§ What you are asked to do:
For this exercise, write out only the lines of the entries below from the one with "Image cheep fantendo" up to and including the one with "Vintage yellow circle", exactly as they are. Pictures stay out.
*** Task inputs Section Begins ***
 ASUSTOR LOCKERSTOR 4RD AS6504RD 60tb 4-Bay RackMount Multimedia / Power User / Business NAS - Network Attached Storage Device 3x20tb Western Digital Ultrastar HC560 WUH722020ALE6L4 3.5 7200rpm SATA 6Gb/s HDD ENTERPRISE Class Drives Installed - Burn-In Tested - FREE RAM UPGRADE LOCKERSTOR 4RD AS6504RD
*** Task inputs Section Ends ***
*** Task inputs Section Begins ***
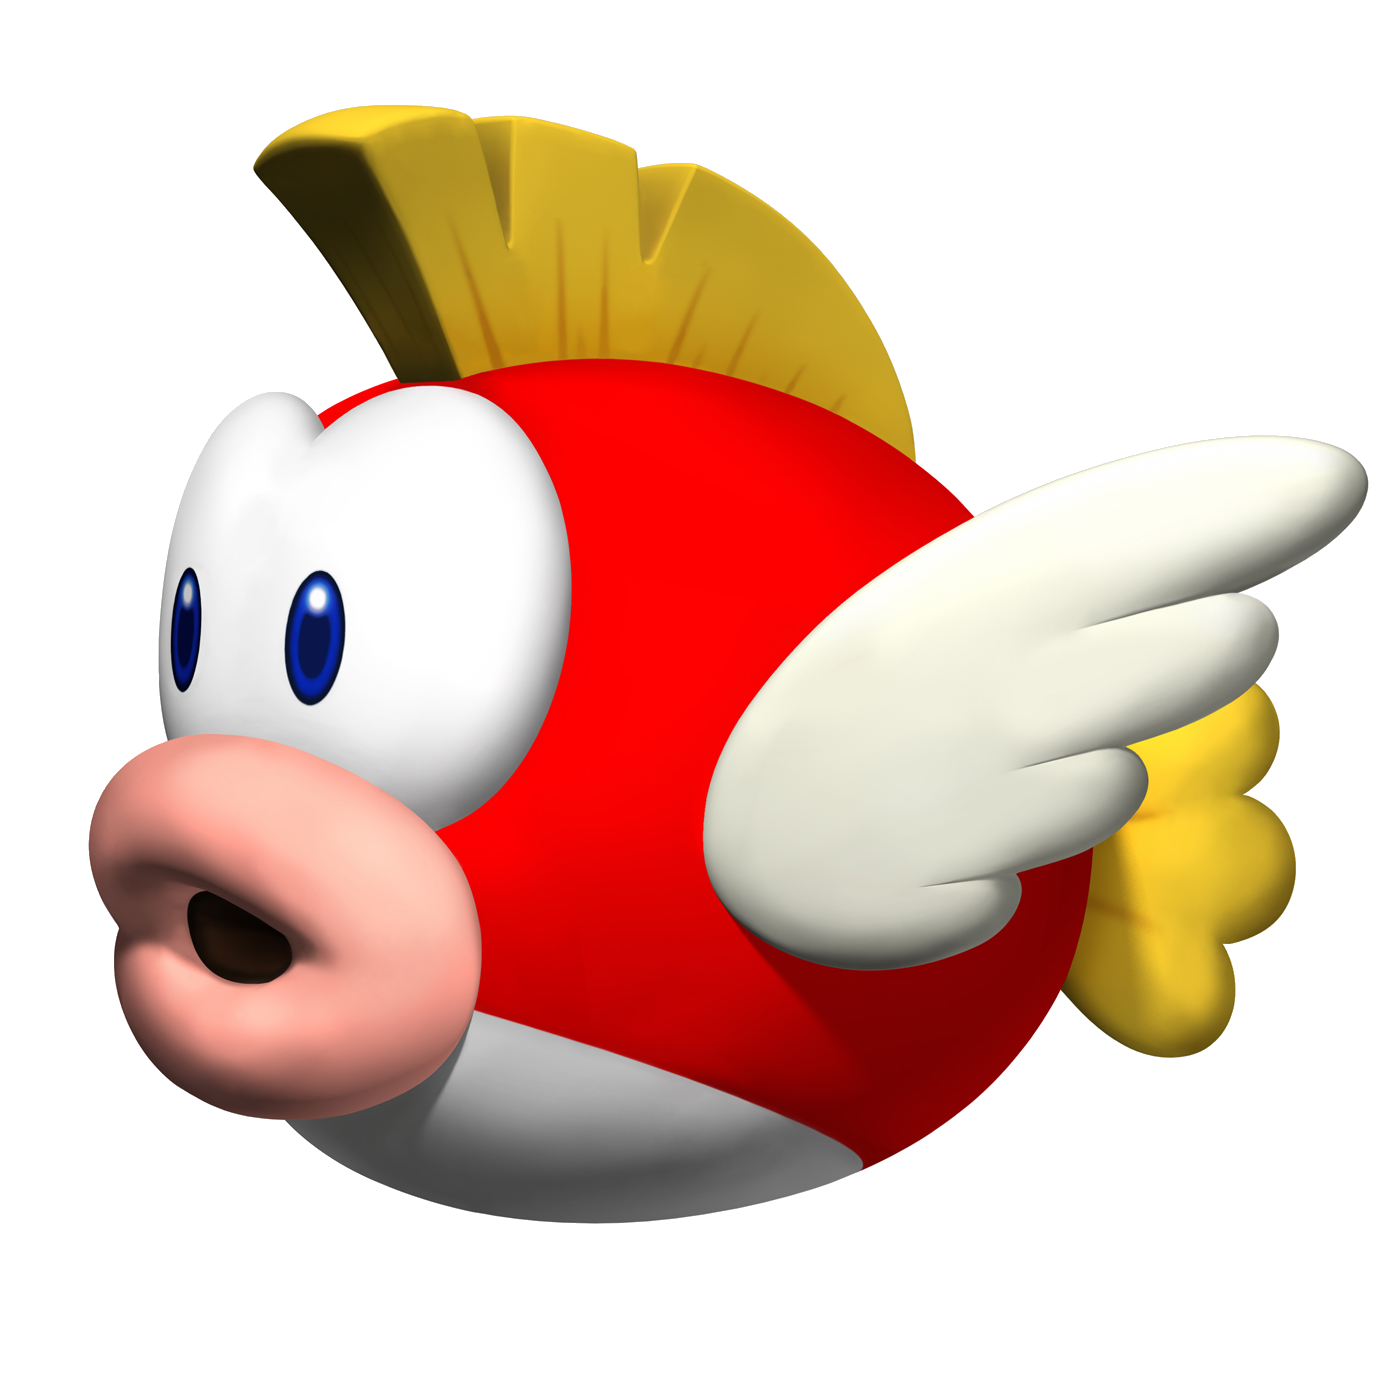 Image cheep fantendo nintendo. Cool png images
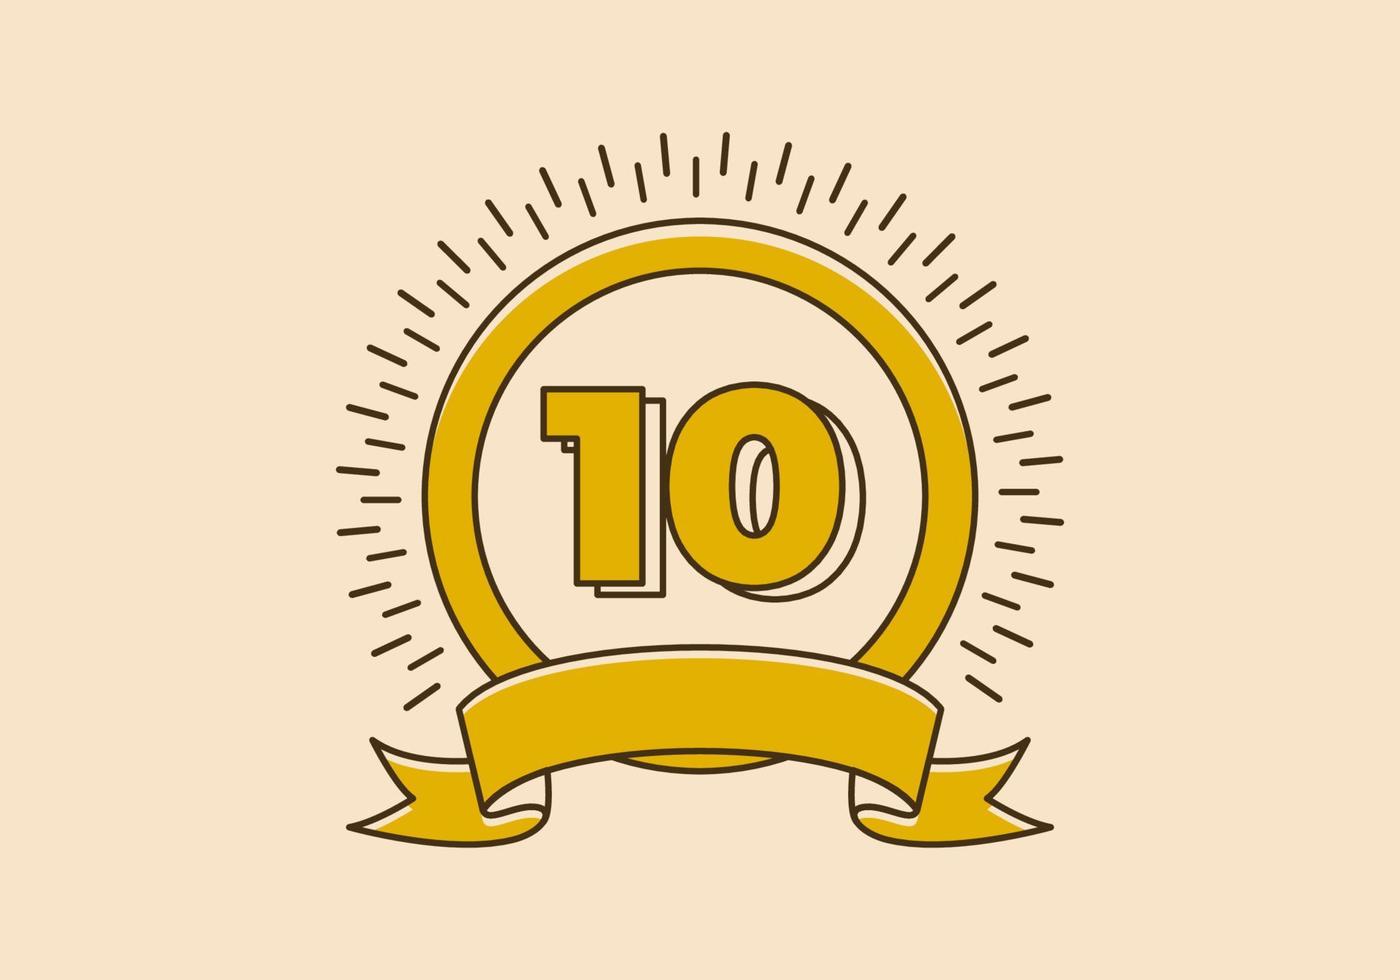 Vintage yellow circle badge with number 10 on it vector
*** Task inputs Section Ends ***
§ Solution for this task:
 Image cheep fantendo nintendo. Cool png images
 Vintage yellow circle badge with number 10 on it vector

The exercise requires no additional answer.